Koh Tao accused appeal directly to UK
published : 22 Nov 2014 at 15:01
The Myanmar nationals accused of killing two British backpackers have appealed directly to the victims' families and British authorities for help in clearing their names.
Zaw Lin and Wai Phyo — the latter was previously and incorrectly named by authorities as Win Zaw Htun — made the appeal in a letter handed to Peter Walker, a correspondent for The Guardian, during their most recent court appearance in Koh Samui this week.
The two young migrant workers are facing possible death sentences for the slaying of British backpackers Hannah Witheridge and David Miller on the southern island of Koh Tao on Sept 15. They are also charged with raping Witheridge.
The men initially confessed to the crimes but later retracted their confessions, saying they had been tortured and threatened with death by their interrogators.
They reiterated that they were not involved and asked UK authorities to share with their lawyers the results of a UK Metropolitan Police review of the Thai investigation.
Zaw Lin and Wai Phyo were arrested on Oct 2, 17 days after the murders occurred, after an investigation that had drawn widespread criticism. The original crime scene was compromised, and several theories advanced and discarded by different officers in the first few days, when no one appeared to be properly in charge.

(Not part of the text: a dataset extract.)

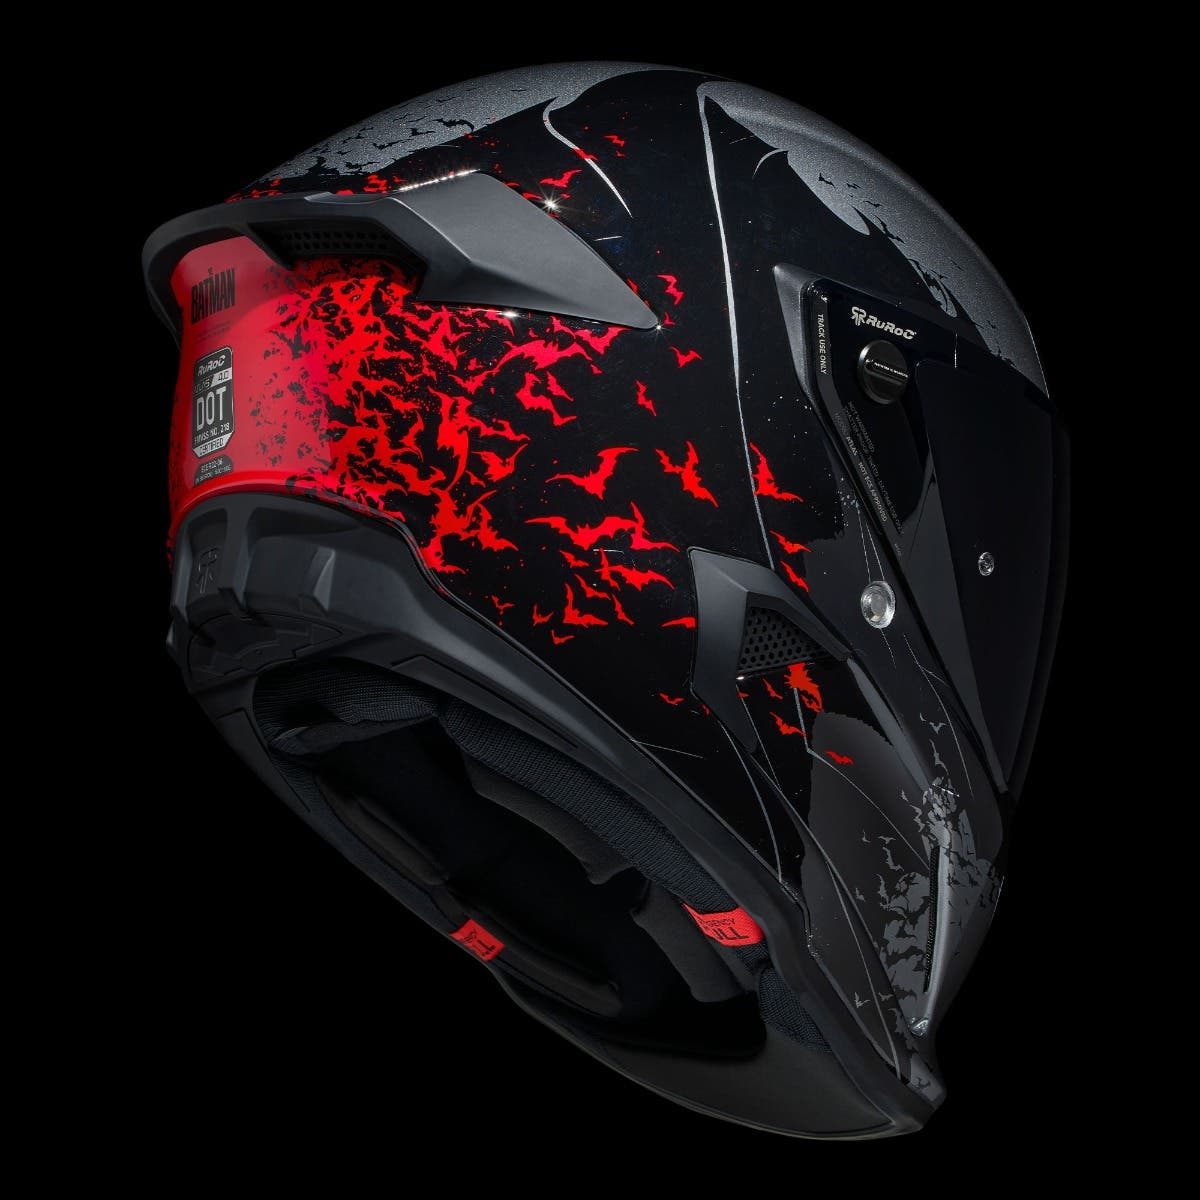 ATLAS 4.0 The Batman - Motorcycle Helmet - Ruroc

Thai police say they have DNA evidence linking the two young men from western Rakhine State to the crime, but that too has been questioned because of the haste with which the test was completed.
In an interview with The Guardian correspondent in the Samui courtroom, the accused described their shock at being accused, and their concerns for their parents in Myanmar, who were reliant on the men's earnings from their bar jobs on Koh Tao.
The pair passed the Guardian correspondent an open letter addressed to the victims' parents.
Handwritten in Burmese, and with their names signed in English, it reads: “We are really distraught about the loss of your children, and we share your grief. But we want to stress to you that we didn’t do anything wrong, and this crime was nothing to do with us.
“In order that the truth can be revealed, we want to ask for help from all of you to ensure that we get access to information that the British government has. We would like this information to be shared with our lawyers so the truth can come out. We really want to express our thanks for your help.”
A month after the murders, the Foreign Office in London took the rare step of summoning a Thai diplomat to express its concern about the way the investigation had been handled.
A Metropolitan Police team flew to Thailand to review the case but its report has yet to be completed, the Foreign Office said this week.
During a break in Wednesday's court hearing, the accused spoke to The Guardian through a translator.
“I felt very scared when we were arrested, and also very shy that all these people were looking at me," said Wai Phyo. "I didn’t know what was happening. I am not a bad person. I’m a good person.”
Zaw Lin said he was worried about his family in Myanmar: “My father has died and I was providing for my mother. I’m just really worried about her now. Now we just want to go back to [Myanmar]. We don’t want to work here any more. I don’t care about being poor, I just want to be at home with my family.”
The pair said that on the night of the murder they had been drinking heavily and playing guitar on the beach, and by late evening were “so drunk we couldn’t walk properly”. They both said they had no idea who carried out the crime.
The accused remain in prison while police continue to compile a report for prosecutors, who said the original 300-page report lacked sufficient details to support a prosecution.
The men can be detained for a maximum of 84 days, meaning they must be bound over for trial or released by Christmas.